# Why I use IF



## LDVinny (May 16, 2016)

Any bodybuilding community that you visit and ask about IF you will always get the same answer... it is only a tool, its not that important when you eat it is only important how many calories etc... and to some degree you must agree with this. BUT! When intermittent fasting I find that when you're not eating you don't have the urge to binge eat, that being said for the first couple of days you'll be hungry all the time, but once that has passed I find hunger is no longer an issue.
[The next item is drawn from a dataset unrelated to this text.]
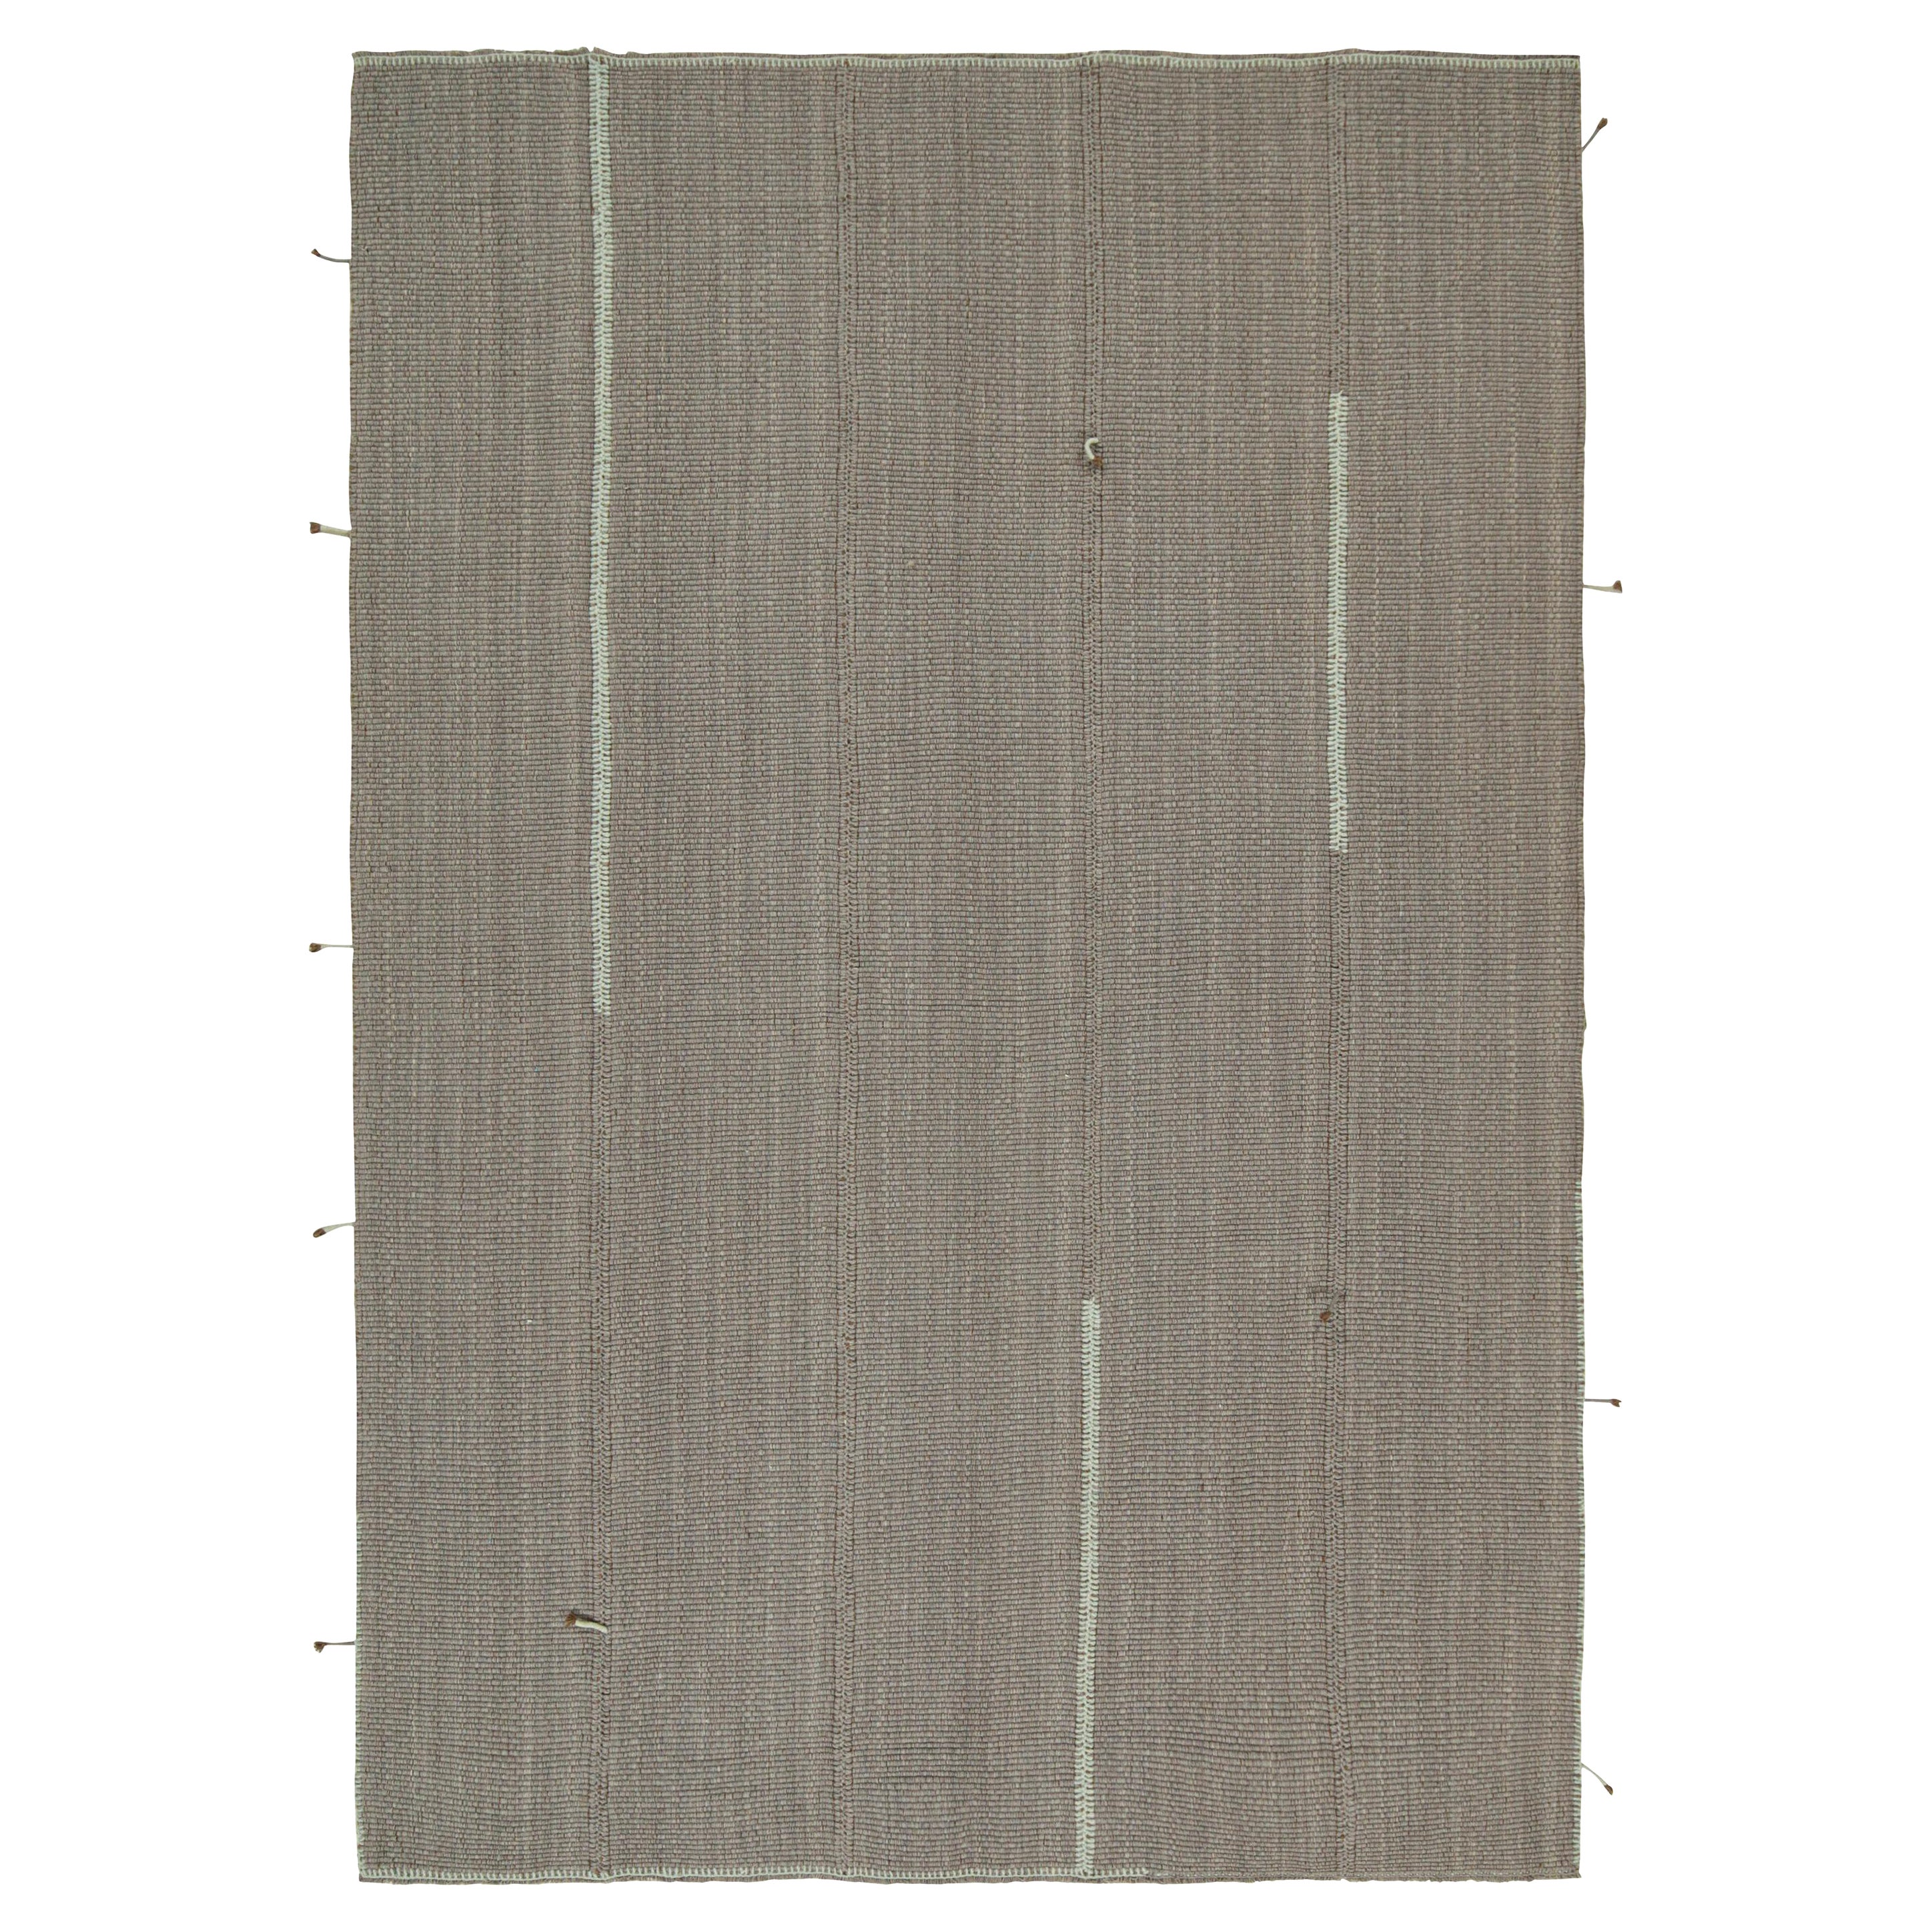 Rug & Kilim’s Contemporary Kilim Rug in Gray with Sky Blue and Brown Accents

Just looking for your two cents on IF??


----------



## FuqOutDaWhey (Apr 29, 2015)

Looks more like a riveting tale than a question :lol:


----------



## Fluke82 (Sep 10, 2015)

I'll be starting IF next week tbf.

I like my food, and so cannot really eat small meals throughout the day etc or I just over-eat.

1pm to 9pm is the window.


----------



## lukeyybrown1 (Jun 4, 2014)

I have recently been doing this also....... tbh i quite like it ..... it takes the stress away from my mind about gettinga meal in every 2/3hrs ........ i just have an 8hr window now to each all my calories and its sweet.


----------



## JohhnyC (Mar 16, 2015)

lukeyybrown1 said:


> I have recently been doing this also....... tbh i quite like it ..... it takes the stress away from my mind about gettinga meal in every 2/3hrs ........ i just have an 8hr window now to each all my calories and its sweet.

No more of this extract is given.